第45話 スバル・ライト

 「スバル」とユイルに言われた男は、すらりとした体型の人だった。彼には申し訳ないが可愛らしい顔をした人で、その上童顔である。スーツを着ている姿から、ナミたちよりも年上だとは思ったが、その顔立ちのせいで同い年と見てもおかしくないように見えた。

「はじめまして。スバル・ライトです。よろしく」

 思ったよりも低い声だった。スバルはユイルの隣に座ると、ナミに挨拶した。彼女はテーブル越しに頭を下げ、同じく挨拶をする。

「はじめまして。ナミ・クララシカです」

 何故この人が挨拶をするのか、一緒の席に座るのか分からず、ナミはちらりとユイルを見た。すると彼は笑って言った。

「ナミ、彼はさっきピアノを弾いていた人なんだよ」

 さっき、ピアノを弾いていた人。

 ナミの頭でその言葉が木霊する。そして、その意味が分かると、彼女は目を丸くした。

「えっ」

 ナミがその意味に気が付いたのを見て、ユイルは微笑む。どうやら思った通りの反応をして嬉しかったようだ。それから彼は説明した。

「スバルが女装していたんだ。びっくりだろ?」

「え? ええ? この人が女装?」

 ナミは思わずスバルをまじまじと見た。

「確かに、女装しても分からなそうだけど、でもとっても綺麗だったから本当の女の人だと思った……」

「ね、すごい完成度でしょ。女装して演奏している時の名前は、『ルーシュ』って言うんだ」

 ユイルがスバルの代わりに得意気に言うと、スバルは苦笑いを浮かべていた。

「まあ、そこを褒められるのは何とも複雑だけどね」

「でも、男の人が女の人の恰好をするなんて……」

 シュキラでは男が女の恰好をするというのは、軽蔑される対象だ。ナミは直接会ったことはないが、男が女に化けているのは見るに堪えないものだという。そして頭の狂ったものが行うもので、人々は彼らに近づかないようにと周囲の大人から言われていた。

 そのため、ナミは「おかしいことだよ」と話を続けるつもりだった。しかし、彼女の代わりにユイルが真顔で言った。

「おかしい?」

 彼の言葉は強かった。声が大きかったわけではない。しかし、単純に「おかしい」と言ってはいけない響きがそこにはあった。

「えっと……」

 ナミはユイルの瞳をじっと見た。宝石のようなブルーの瞳が強い意志を持って輝いている。彼女は彼女は美しい幼馴染が何を考えているのか想像しながら、否定的な言葉を避ける言い方をした。

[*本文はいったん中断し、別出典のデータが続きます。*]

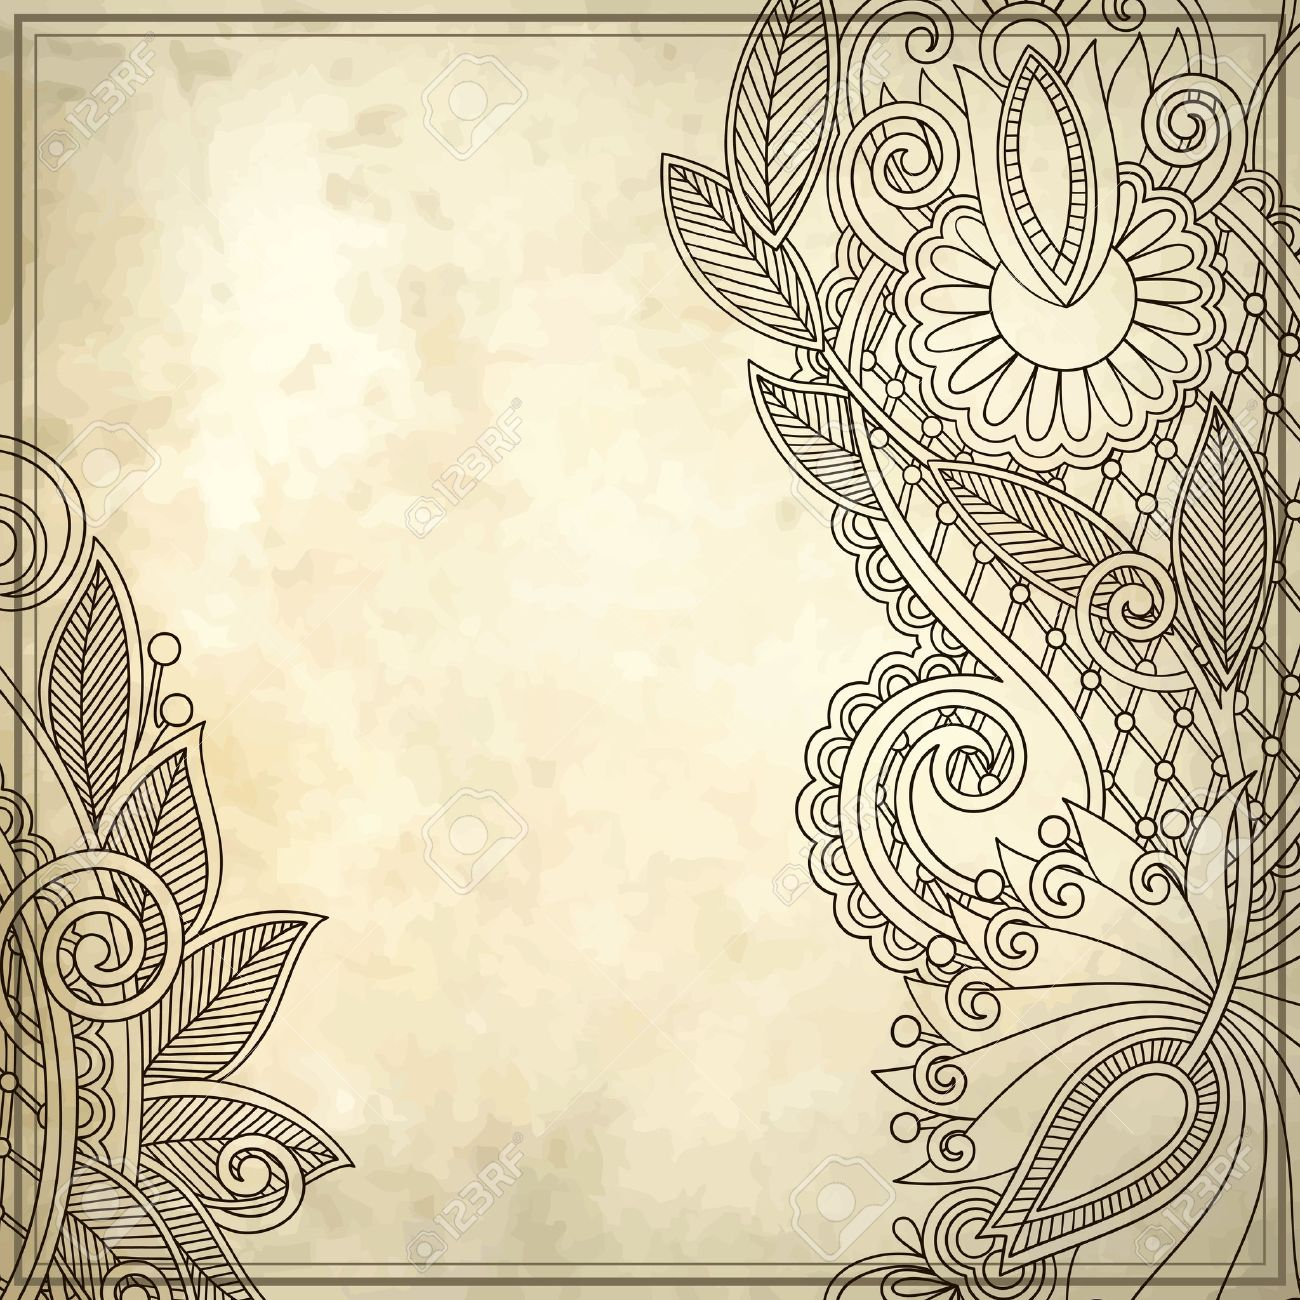 Old, Ink, Art, Leaf, Card, Note, Blank, Retro, Frame, Paper ...

「……おかしいって言うか、そんなこと思いつきもしなかったから」

 すると、ユイルがふっと微笑む。

「今ね、ルピアでは流行っているんだよ」

 ナミは再び目を丸くする。「流行っている」とはどれほどのものなのだろう。

「ルピアで?」

「そう。男が女になる」

「男が女に……」

 ルピアではそんなことが当たり前に存在するのだろうか。ナミは何だか怖くなった。すると、ユイルの隣でスバルが言った。

「女の人が男の人になるときもあるよ」

 まるで、「スーパーに買い物に行こうよ」くらい軽い話し方だった。

「そう、なんですか?」

 ナミの問いかけに、スバルはテーブルに肘をつきそこに顎を載せて頷く。

「あるよ」

「……」

 ナミがどう答えていいのか分からなくなっていると、スバルが言った。

「でも、僕のは本気じゃないから」

「本気?」

「本当に女の人になりたいって思っているわけじゃないってこと」

 ナミは眉を寄せた。女の人になりたいと思っているわけではないのに、女の人に変装する。その意図がよくわかなかった。

「じゃあ、何で女の人になったんですか?」

 するとスバルは快く答えてくれる。

「『メタモルフォーゼ』をしたかったから」

「『メタモルフォーゼ』?」

「そう。自分じゃない誰かになりたいから」

「そんなの……どうして?」

 すると、スバルはにこっと微笑んだ。

「まあ、僕の演奏を聴いて欲しいからってことなんだけど――」

 そう言って彼は言葉を続けた。